Stuart Jeffries

Saudi Arabia’s burgeoning art scene

The Crown Prince hopes to transform a cultural dustbowl into a jewel in the Arabian crown and sanitise a country known for oil and oppression

Where the desert can admire its own reflection: the world’s largest mirrored building, the Maraya cultural centre in Al-’Ula, home to a concert hall and the exhibition What Lies Within. Credit: Tuul and Bruno Morandi / Alamy Stock Photo 
issue 05 March 2022

A little more than a century ago, a charismatic British army captain called T.E. Lawrence and fearsome Bedouin warriors swept through the sublime canyons around the desert city of Al-’Ula where I stroll today. They blew up the Hejaz railway, built to transport hajjis from Damascus towards Mecca but repurposed during the first world war by Turks to ferry munitions and troops. Such was the 1916-18 Arab Revolt that threw off Arabia’s Ottoman yoke.

Today a very different kind of Arab uprising is sweeping through Al-’Ula.

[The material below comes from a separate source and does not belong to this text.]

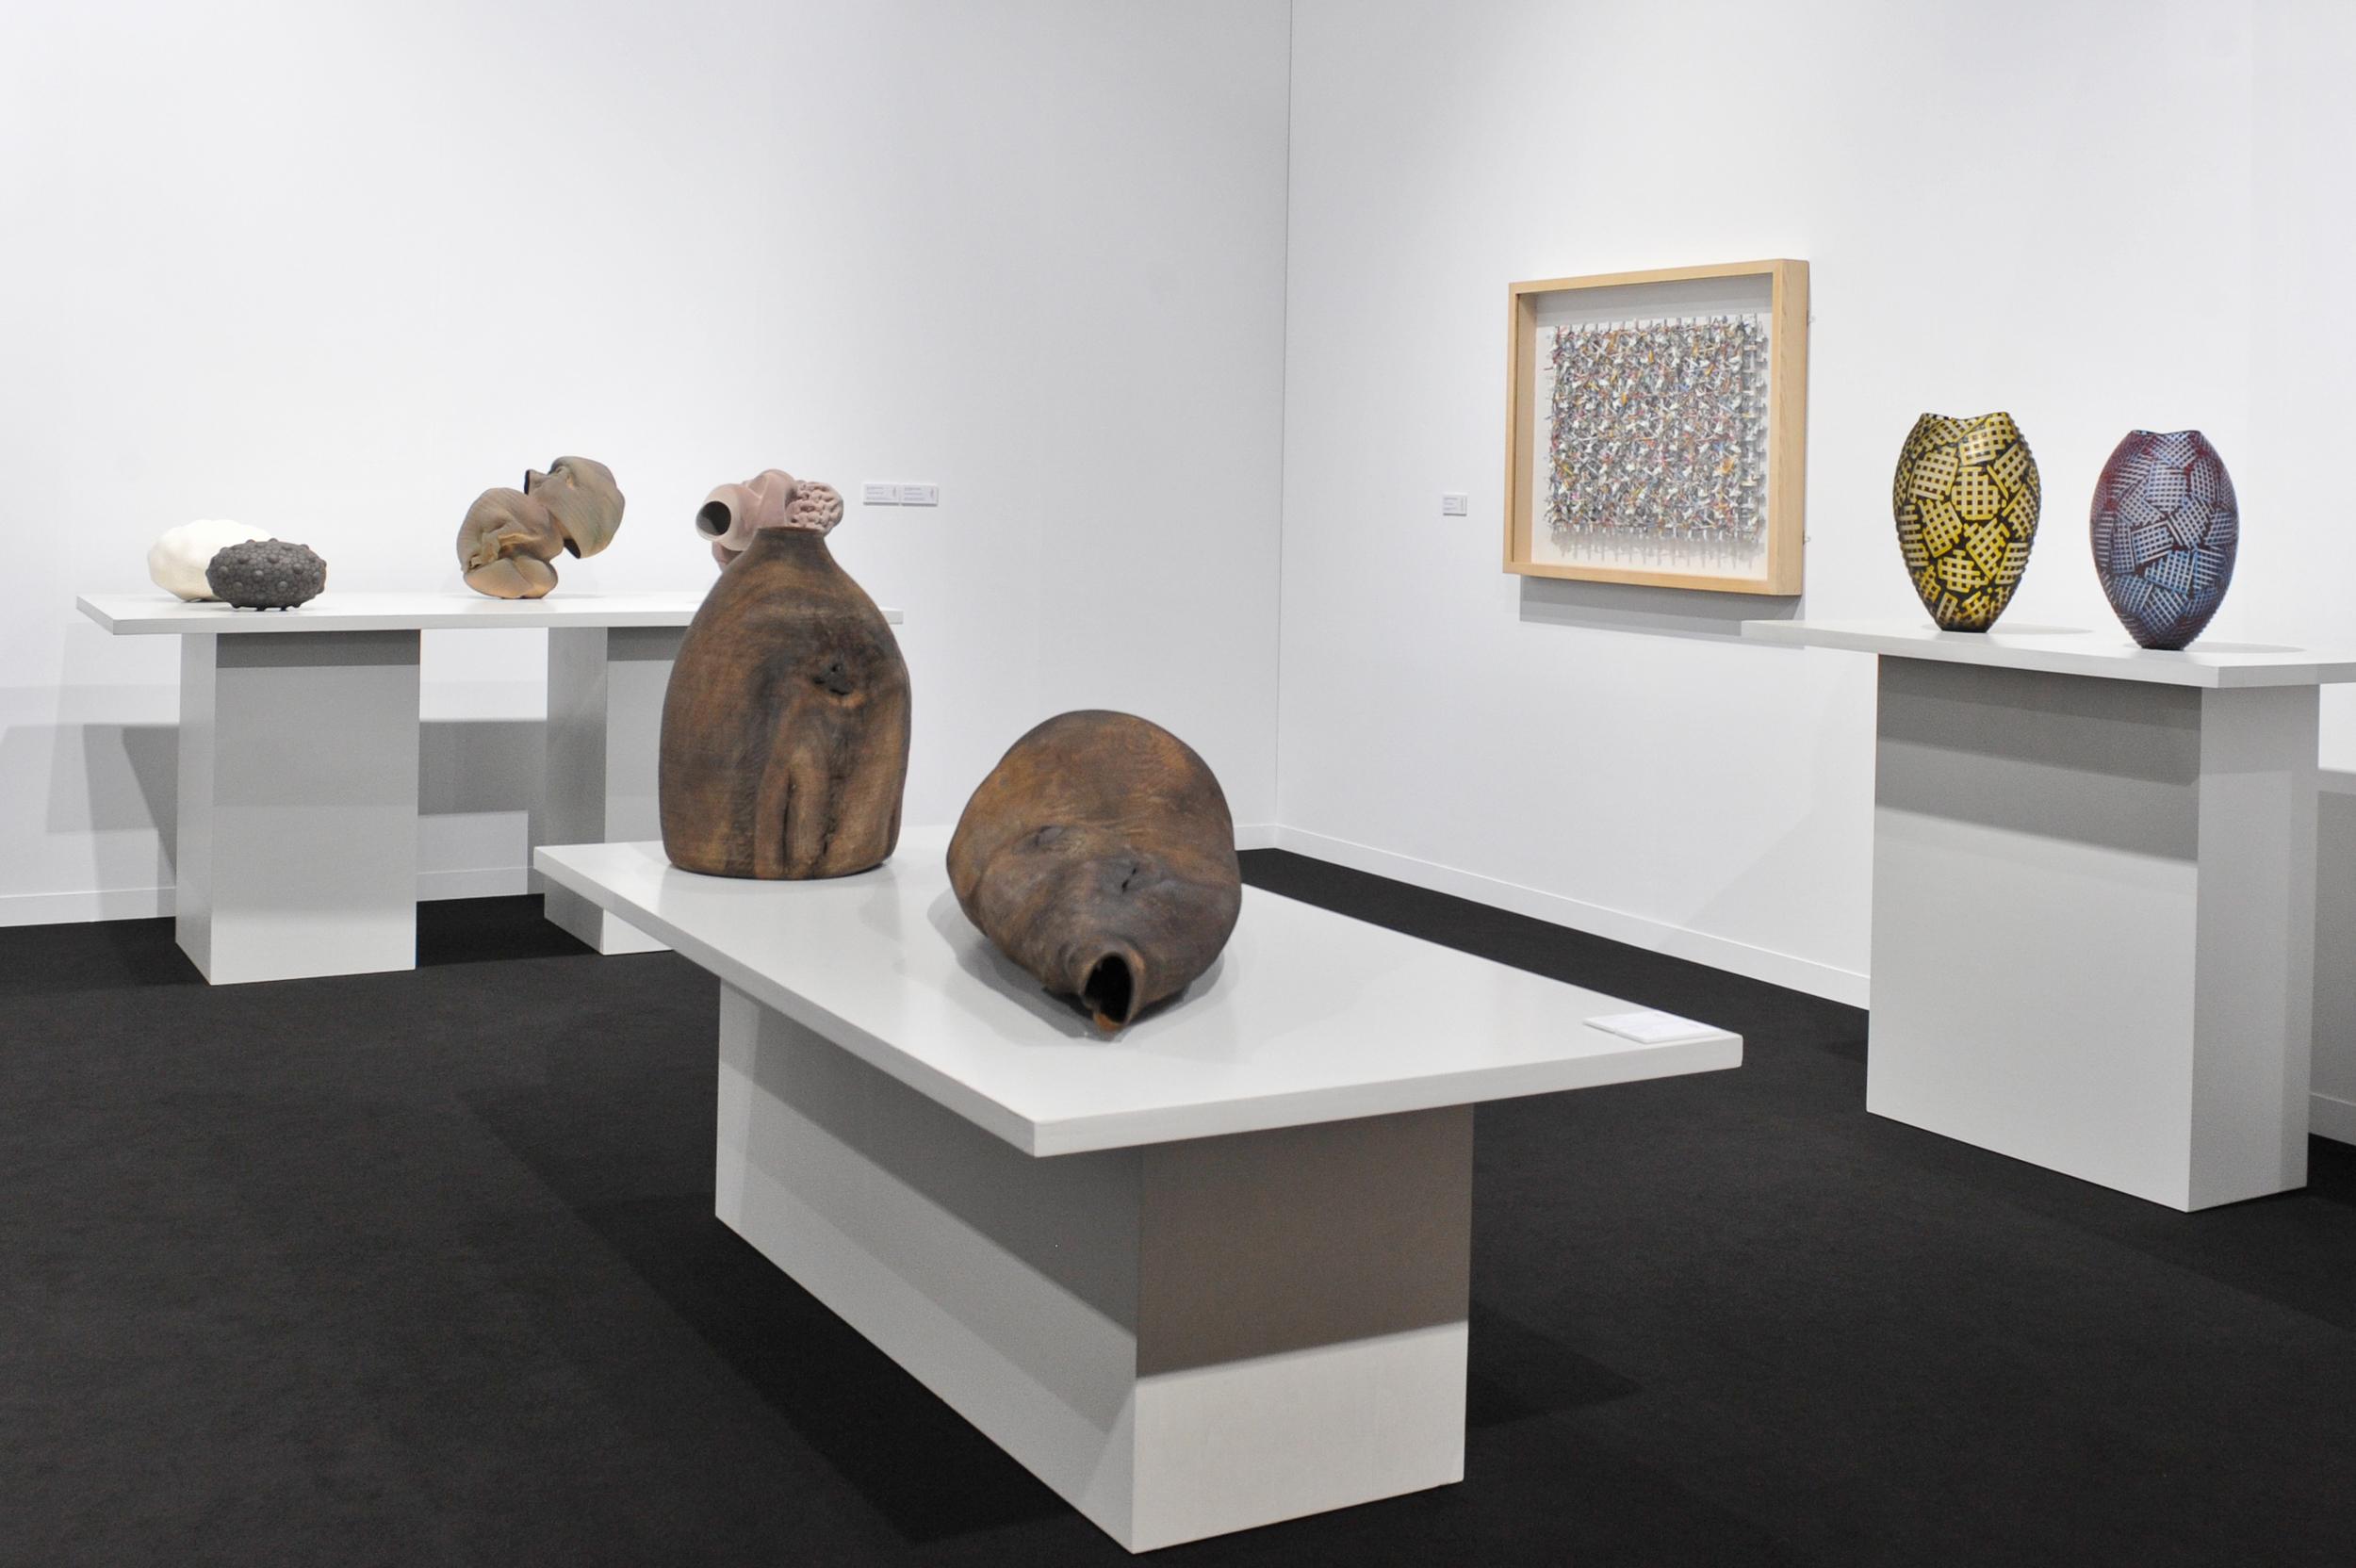 Work by Ernst Gamperl, Michael Brennand-Wood, Baldwin & Guggisberg

The canyons resonate not with bombs but with art. Dubai-based Zeinab Alhashemi has constructed boulders made from camel hides for a piece called ‘Camouflage 2.0’. Fitting since the Quran mentions Al-’Ula as the miraculous site where a she-camel was summoned from rock by the prophet Saleh as a sign to pagan locals from Allah. Ramallah-based Khalil Rabah, meanwhile, has planted a square orchard of olive trees in the pitiless desert.